報道を眺めていると、自称元徴用工問題を巡って、自称元慰安婦問題のような財団ないし基金方式での「解決」が模索されているフシがあります。ただ、無理して日本が日韓諸懸案の「解決」のために協力する必要はありませんが、それだけではありません。岸田政権の政治力のなさに加え、現在の韓国政府のグダグダぶりを踏まえると、そもそも岸田政権、あるいは尹錫悦(いん・しゃくえつ)政権の任期中に問題の解決が図られる可能性がどれだけあるのかは疑問です。

早いもので自称元徴用工判決から4年

自称元徴用工判決――、すなわち、韓国の最高裁に相当する「大法院」が日本企業に対し、「戦時中、日帝により強制徴用された」と自称する者たち(=自称元徴用工)への損害賠償を命じた事件――から、気が付いてみれば、早いもので4年が過ぎました。

この事件自体、世間的には「日韓問題のひとつ」などと認識されていますが、著者自身はこれまでに何度となく申し上げてきたとおり、結論から言えば、ほかの多くの日韓懸案と同様、これは「韓国問題」です。

なぜなら、自称元徴用工判決自体が国際法に照らせばれっきとした「違法判決」であることに加え、そもそもの「日帝による強制徴用」という主張自体も、韓国による悪質なウソだからです。

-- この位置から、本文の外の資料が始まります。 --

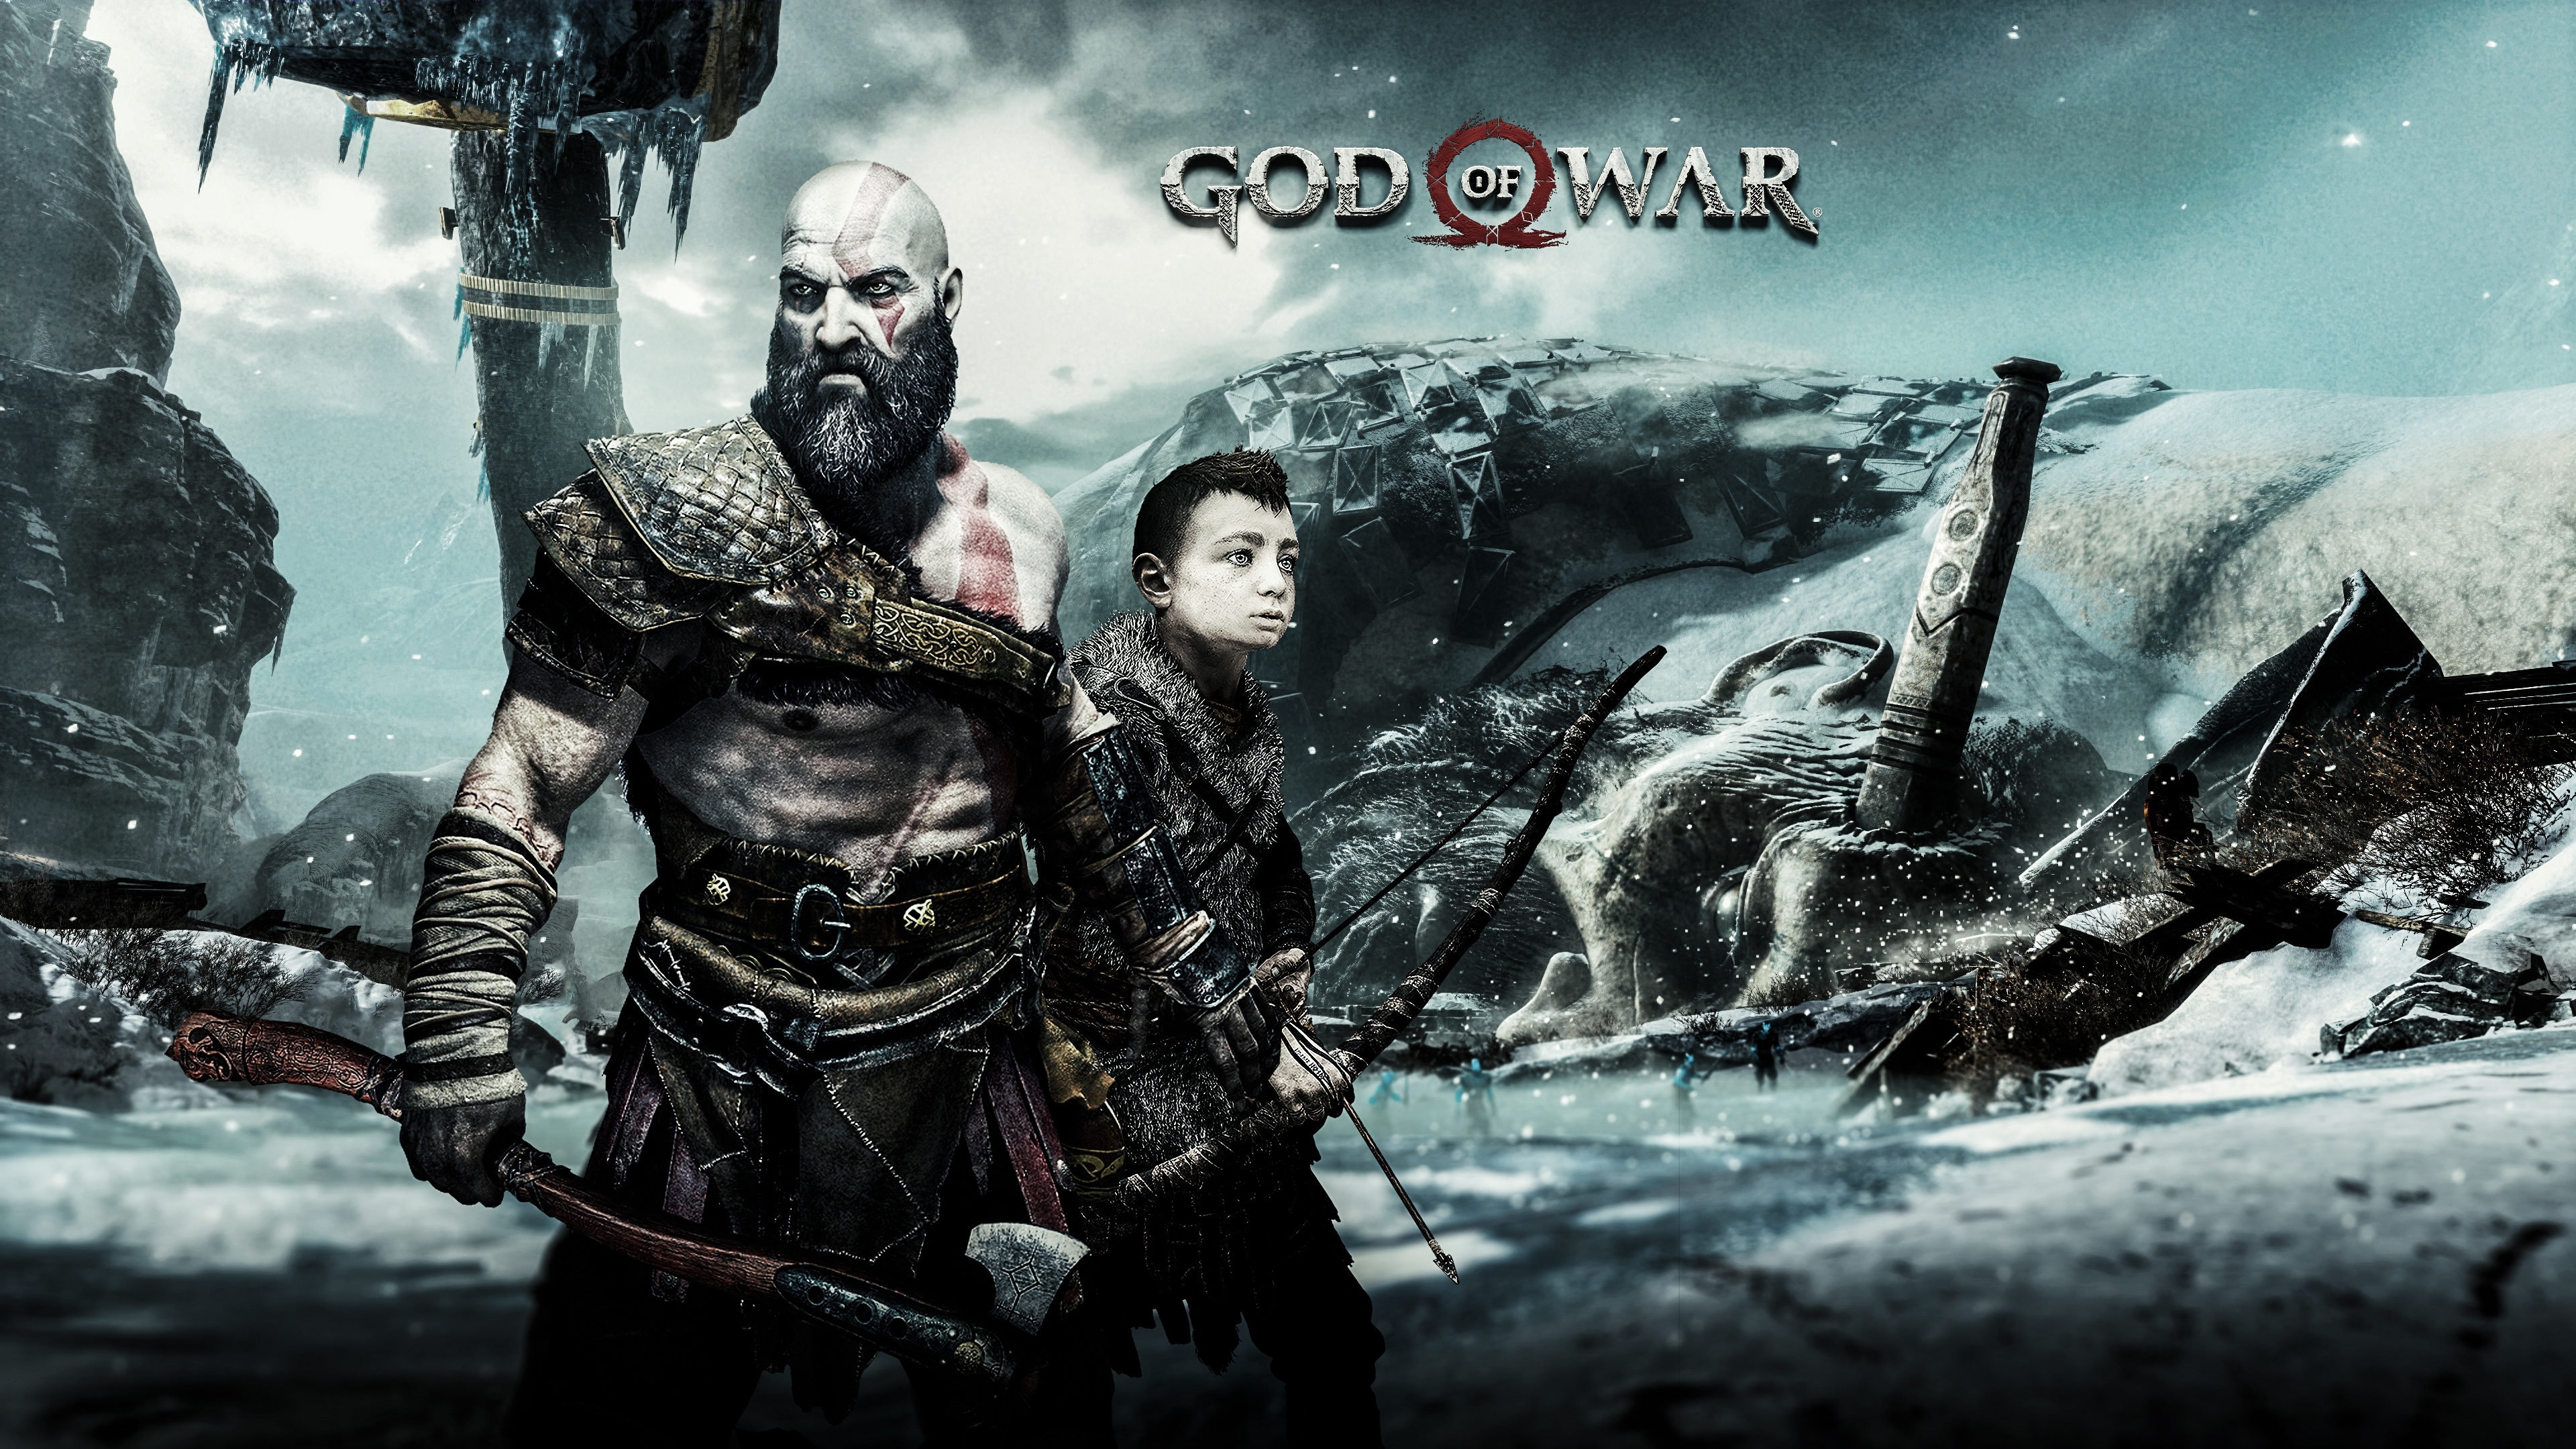 god wallpaper hd,action adventure game,movie,pc game,games,strategy video game

つまり、韓国自身が日本に対し、ウソや捏造に基づいて法的根拠がないことを要求している、というわけであり、そのような主張をすること自体が立派な不法行為を構成しているのです。

もちろん、日本がこの問題を巡って韓国に譲歩するかどうかというのは気になるところですが、それ以上に重要な点があるとしたら、もしも日本が韓国に譲歩するかたちでの解決が図られる場合、そのこと自体が韓国自身のためにならない、ということです。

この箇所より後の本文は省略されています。